OLG Celle 6 U 22/20
Sittenwidrigkeit eines zugunsten einer Berufsbetreuerin und eines „Seniorenbetreuers“ errichteten notariellen Testaments

12.01.2022

Notizen zur Rechtsprechung

Gericht:
Datum:
Aktenzeichen:
Fundstelle:

OLG Celle
07.01.2021
6 U 22/20
ZEV 2021, 386

Leitsatz | OLG Celle 6 U 22/20

  1. Zur Feststellung der Testierunfähigkeit eines unter Betreuung stehenden Erblassers. (amtl.
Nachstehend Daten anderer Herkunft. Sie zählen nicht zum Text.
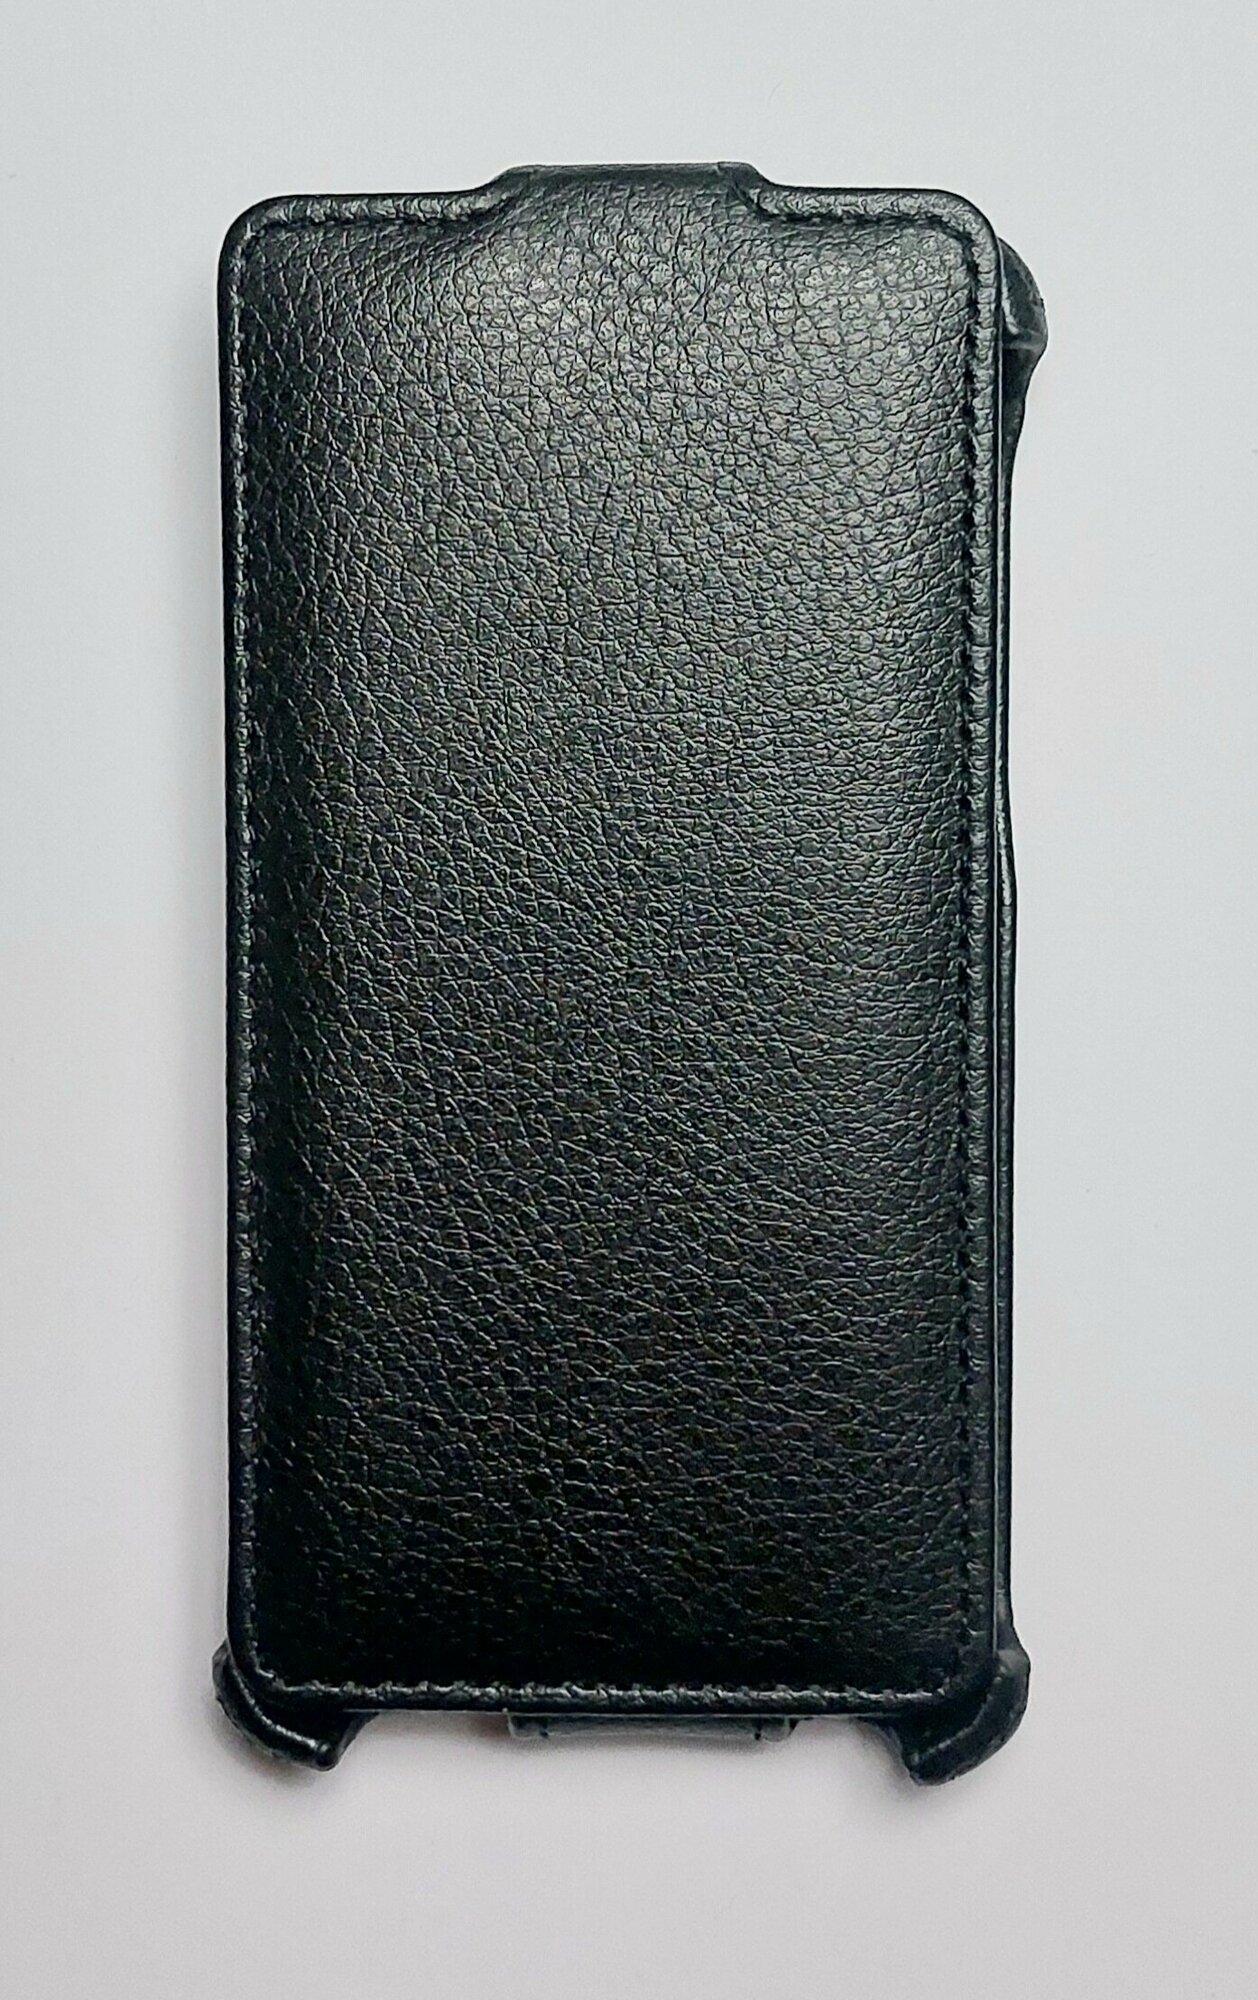 Чехол книжка для Alcatel idol Mini 6012D/6012X чёрный
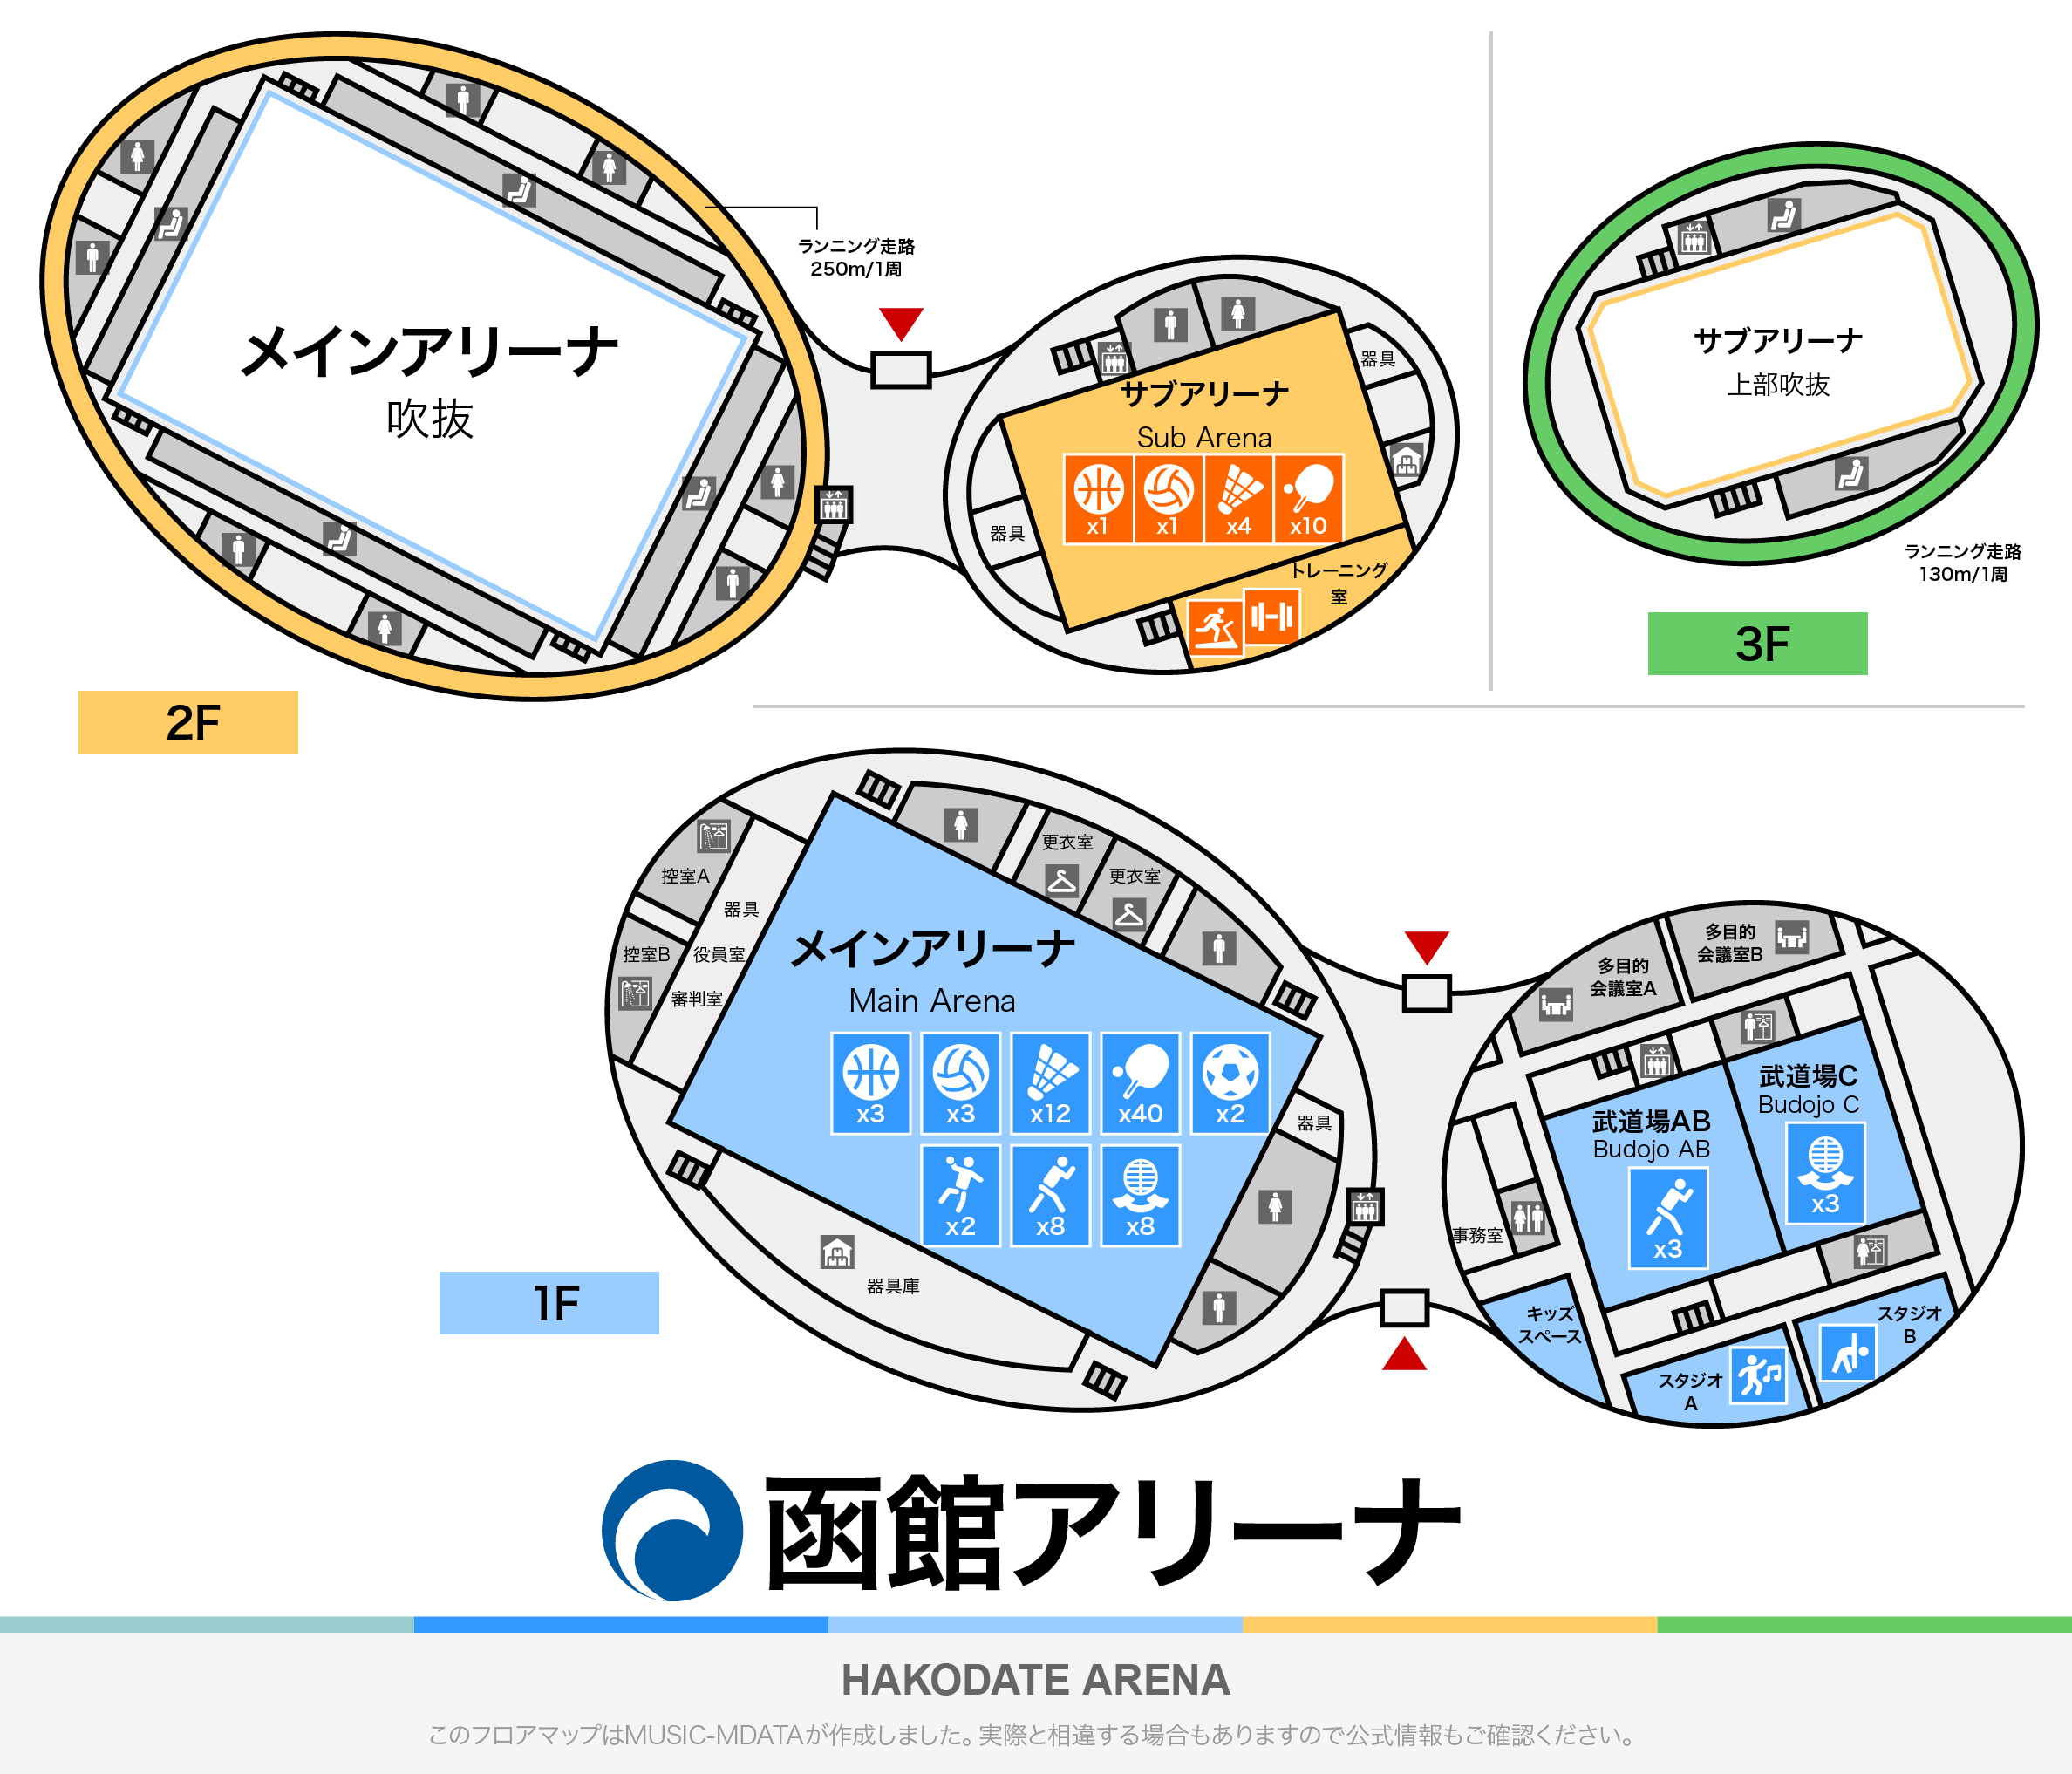 函館アリーナのフロアマップ・体育館

Ls.)
  2. Ungeachtet der nach wie vor fehlenden Wertung des Gesetzgebers, dass Zuwendungen des Betreuten an den Betreuer als sittenwidrig anzusehen sind, kann ein notarielles Testament zugunsten einer Berufsbetreuerin und eines „Seniorenbetreuers“ sittenwidrig sein, wenn – wie vorliegend – eine Berufsbetreuerin ihre gerichtlich verliehene Stellung und ihren Einfluss auf einen älteren, kranken und alleinstehenden Erblasser dazu benutzt, gezielt auf den leicht beeinflussbaren Erblasser einzuwirken und ihn dazu zu bewegen, vor einer von ihr herangezogenen Notarin in ihrem Sinne letztwillig zu verfügen. (amtl. Ls.)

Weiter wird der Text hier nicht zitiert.